Support » Plugin: Disable REST API » ANY logged-in visitor can view the disabled endpoints

  • The plugin uses a is_user_logged_in() check to grant access to disabled REST API endpoints. I run a membership site for one year and just realized it now, that any logged in visitor STILL HAVE ACCESS to any disabled REST API endpoints.

    This should be very explicit, and there should be a setting in the plugin settings page to set the minimum role for the user to have access to the disabled endpoints.

Viewing 1 replies (of 1 total)
  • Plugin Author Dave McHale

    (@dmchale)

    Hi Lucas,

    First, thanks for using the plugin! I’m sorry it was not clear to you how the plugin worked. I can try to update the description of the plugin for others in the future to make it more explicit. It is mentioned (and explicitly so, in one of the FAQ items) but could probably be highlighted better.

    Second, the issue of using Roles is tricky in WordPress due to the nature of them since they are not truly hierarchical and there is no “Minimum Role” to assign. Since themes or plugins can adjust the default capabilities of roles, and even add new roles themselves, it’s impossible to guess at what Role is “above” another one. True, you can look at the DEFAULTS and say that permissions (“capabilities”, in WordPress nomenclature) are added as you move up the ranks of Subscriber -> Contributor -> Author -> Editor -> Administrator, but it’s not REALLY a direct line because of the “pluggable” nature of WP. For example, I would guess the membership plugin on your site creates there is a completely new Role that your users belong to, which isn’t one of the default 5 that I just mentioned… and it probably has custom capabilities which don’t exist in a default WordPress website as well.
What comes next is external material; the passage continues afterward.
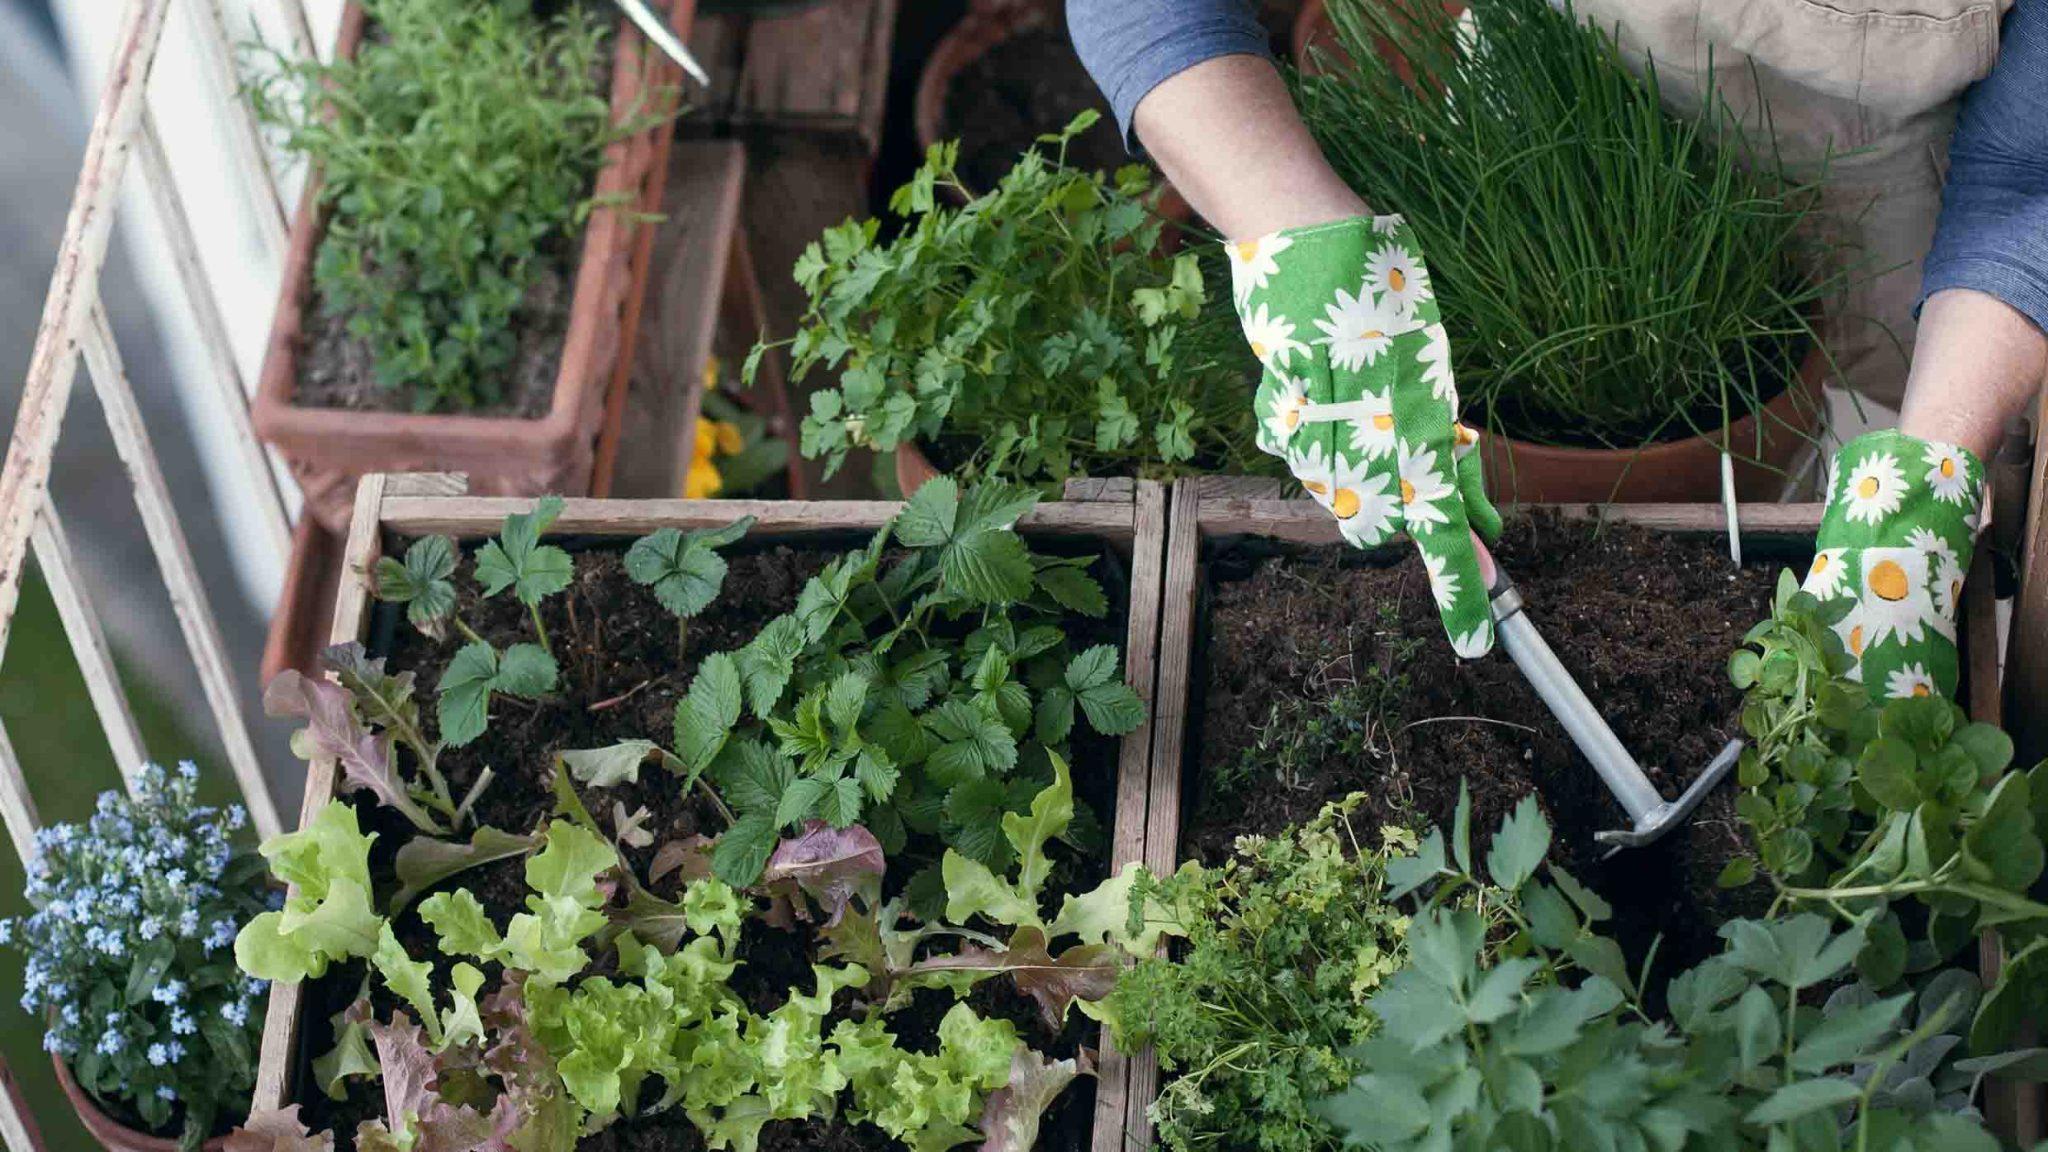 Person gardening on balcony

    Being able to selectively choose which of the Roles are on/off (individually, not as a “minimum Role of” selection) at a system-wide level is probably the best that we could do in the short term. Two of the reasons I have not done so to date is 1) I’ve gotten very few requests for this feature and 2) I’m sure it would open Pandora’s Box to admins wanting the ability to this for every individual endpoint as well, which I haven’t had the free time to figure out the best way to implement. It’s possible, but not a trivial update.

    In the future, if you have a feature request or a question/issue with the plugin I’d suggest using the Support Forum to ask a question rather than leaving a review or better yet, feel free to check out the github repository and create an Issue (and/or a PR) there, I respond to everything there as well https://github.com/dmchale/disable-json-api

    Cheers!

Viewing 1 replies (of 1 total)
  • The topic ‘ANY logged-in visitor can view the disabled endpoints’ is closed to new replies.